I like these sorts of things every so often, so thought I'd throw this up if anyone wanted to have a stab at it

Let's consider "stacks" of blocks in any number of dimensions - and for this example we'll consider a side length of 5.

So, a one dimensional stack of blocks would just be 5 blocks on top of each other - therefore using 5 blocks in total.

A two dimensional "stack" of blocks would have 5 blocks on the bottom, then 4, then 3, then 2 and then 1. So this would use 15 blocks in total.

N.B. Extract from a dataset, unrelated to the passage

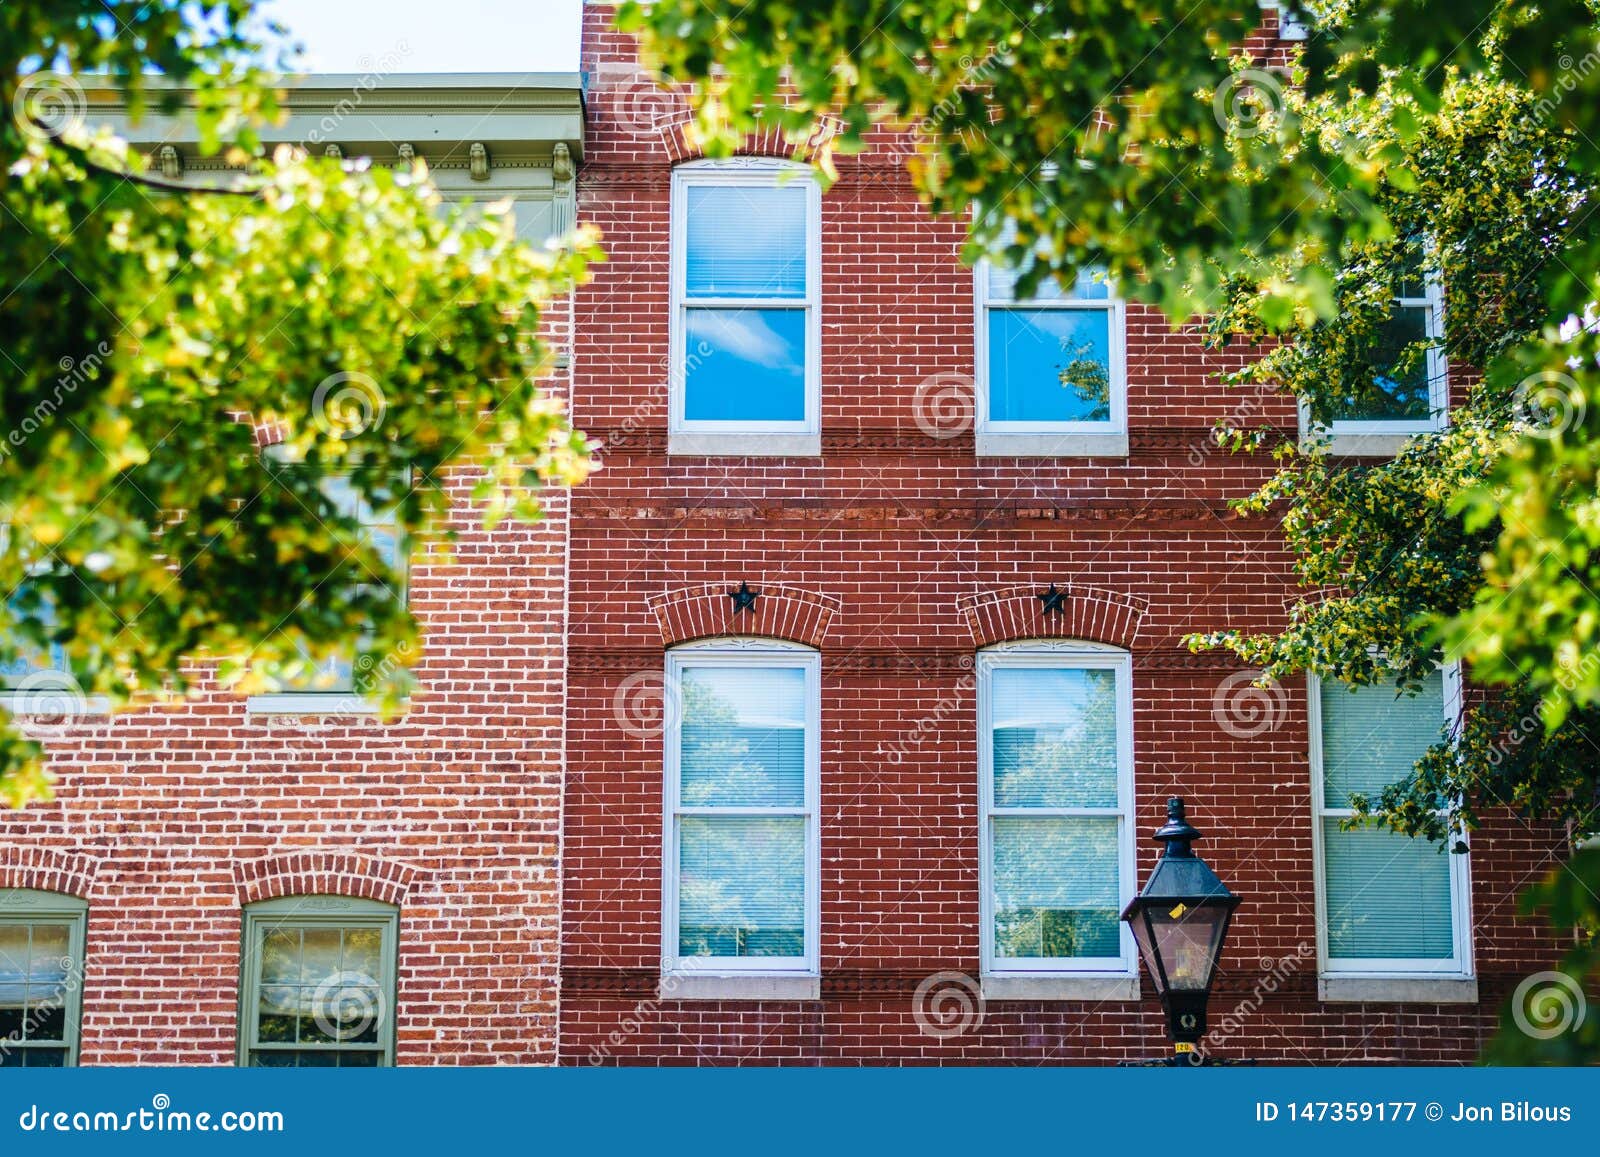 brick rowhouses on bond street in fells point, baltimore, maryland

A 3 dimensional "stack" of blocks would be a triangular pyramid. So it'd have 15 blocks on the bottom arranged in a triangle (5, 4, 3, 2, 1) then 10 blocks arranged in a triangle (4, 3, 2, 1) all the way up to just one block at the top. So this would use 35 blocks in total.

Applying this same logic, how many blocks would be needed to make a 4 dimensional "stack" of side length 5?

Following on from this, can you write a method / function that will, given the side length and number of dimensions, work out the total number of blocks needed?

An interesting spin off of this problem is this - given a normal triangular pyramid of blocks (3D) and assuming each block can only take a certain amount of weight before it collapses, if built tall enough will the whole pyramid collapse under its own weight? If we apply this to a 4D "pyramid", would it do the same thing? If so, is there a number of dimensions for which it won't ever collapse under its own weight?

EDIT: For clarification, I'm still assuming gravity is a vector force only ever acting on a single dimension.